For this exercise, copy the data exactly and omit any images.

» **Data extract**:
=== Begin Enclosure ===

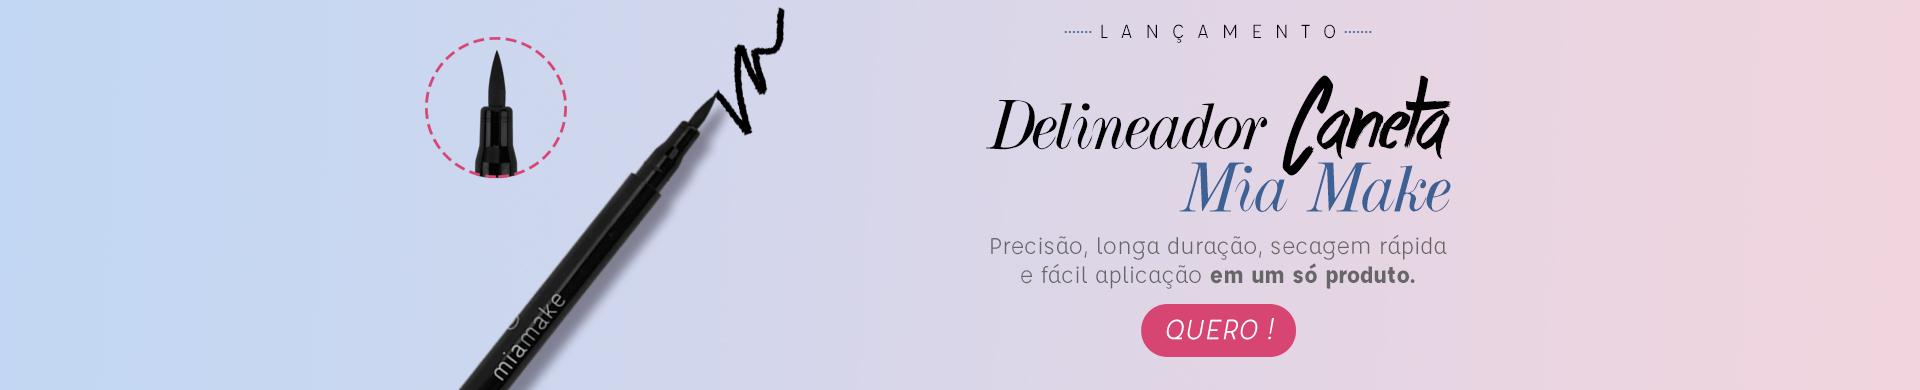 Novidade Delineador Caneta - Mia Make
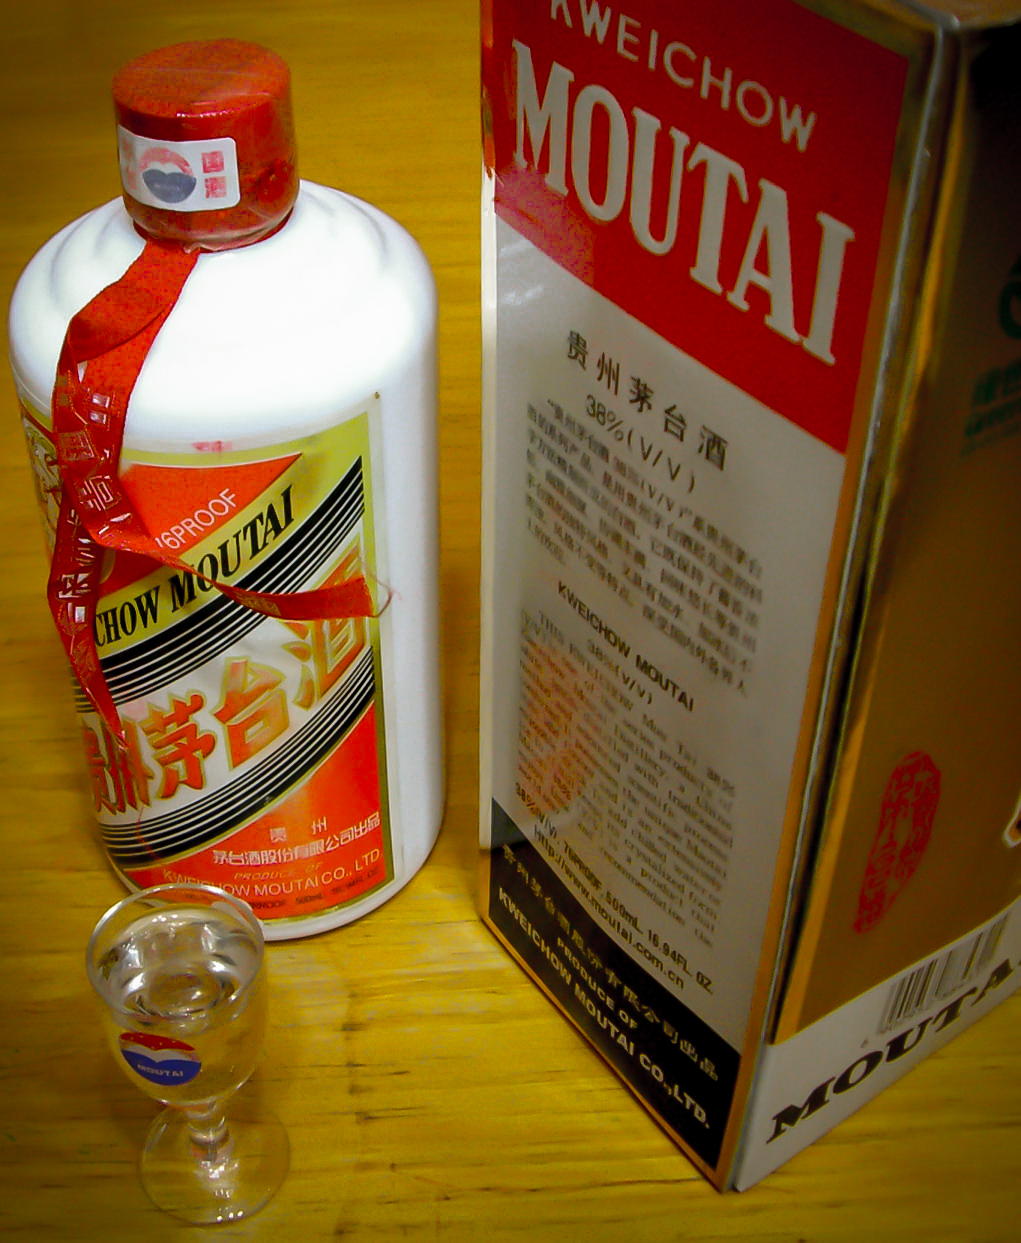 Maotai, Guizhou Alcohol
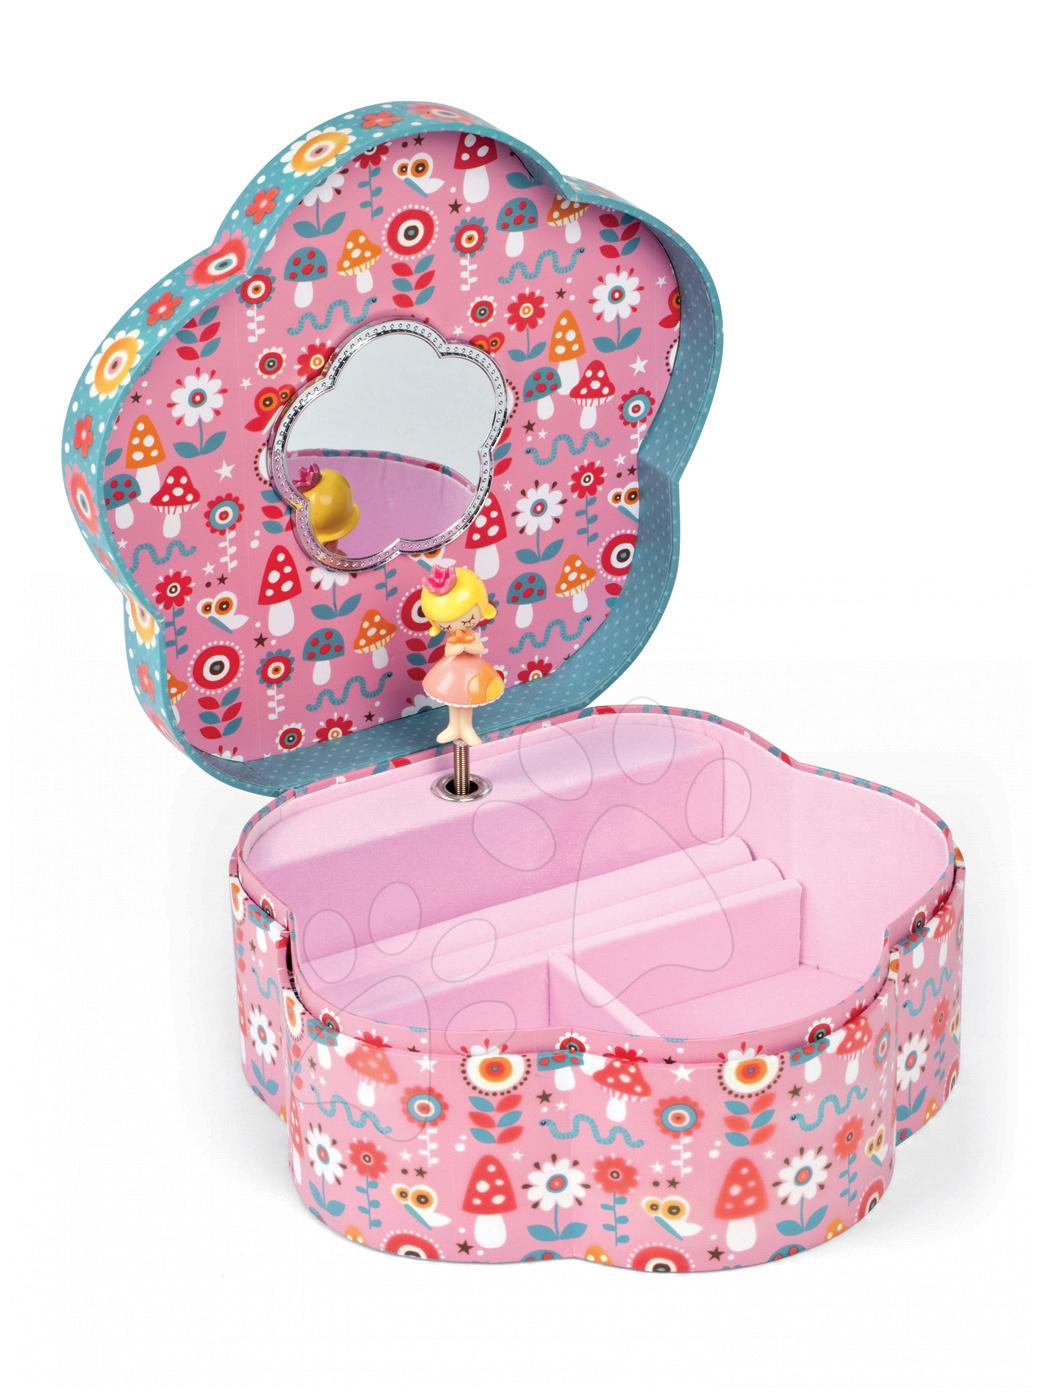 Hudební šperkovnice pro děti Jewellery Flower Musical Box - Annuschka Janod
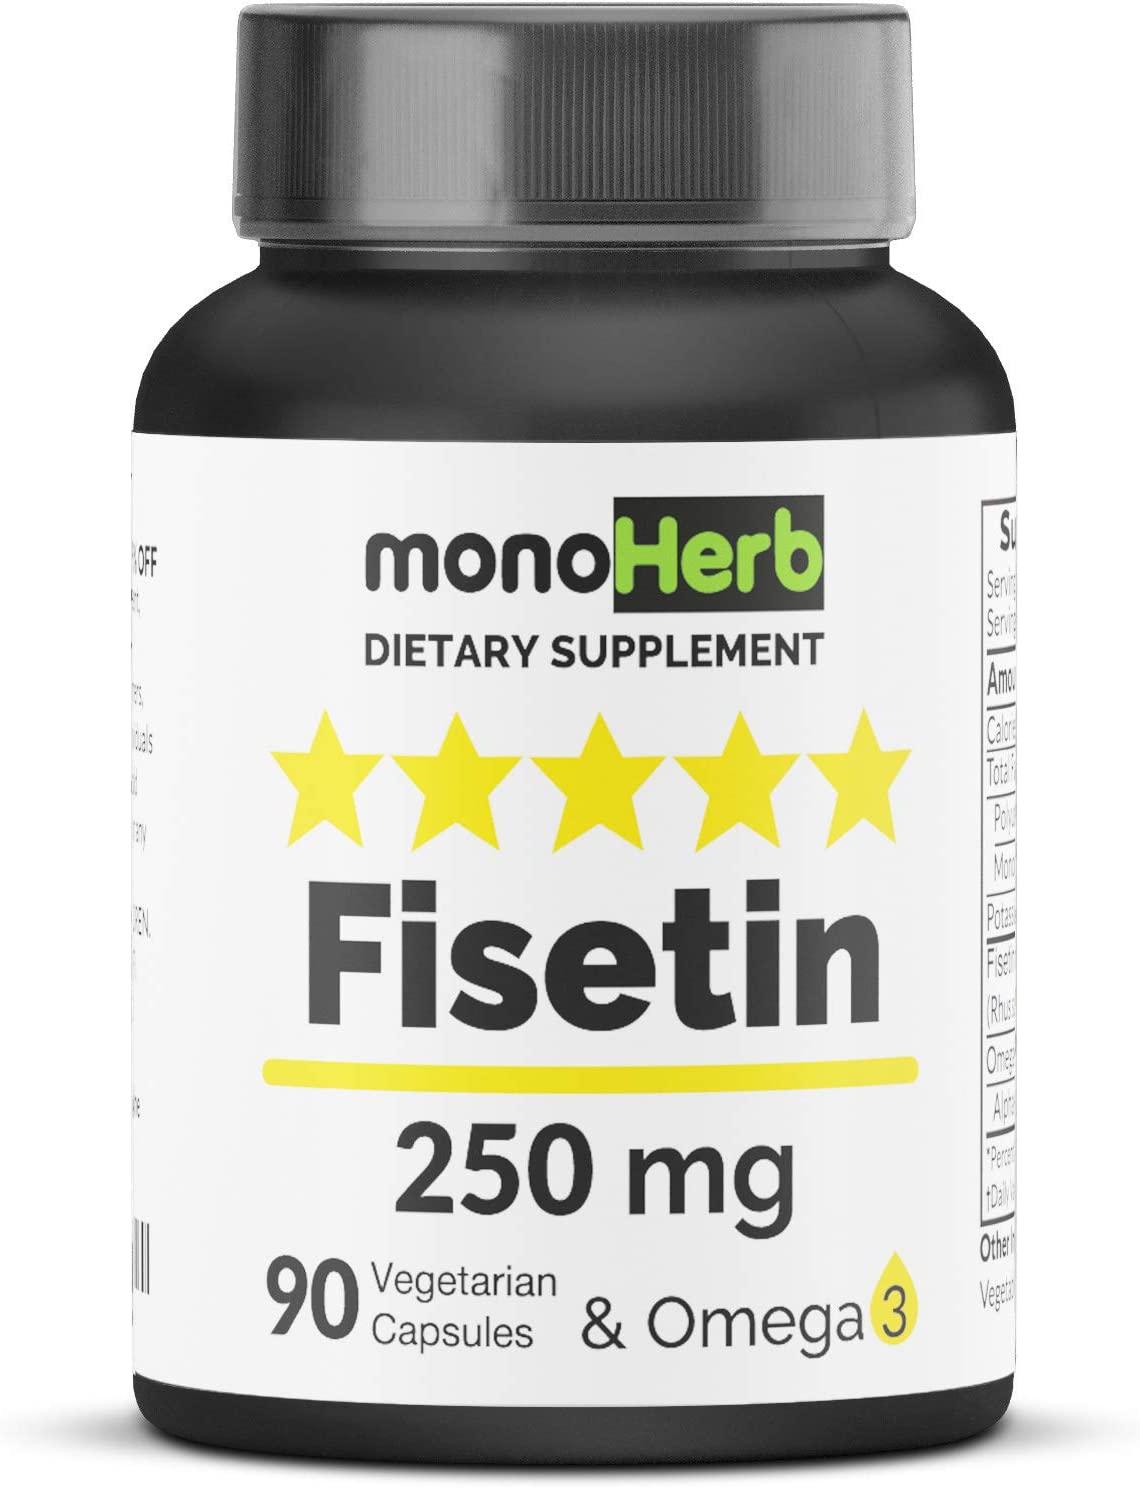 Fisetin 250 mg per Capsule - 90 Vegetarian Capsules

=== End Enclosure ===

» **Answer below**:
 Novidade Delineador Caneta - Mia Make
 Maotai, Guizhou Alcohol
 Hudební šperkovnice pro děti Jewellery Flower Musical Box - Annuschka Janod
 Fisetin 250 mg per Capsule - 90 Vegetarian Capsules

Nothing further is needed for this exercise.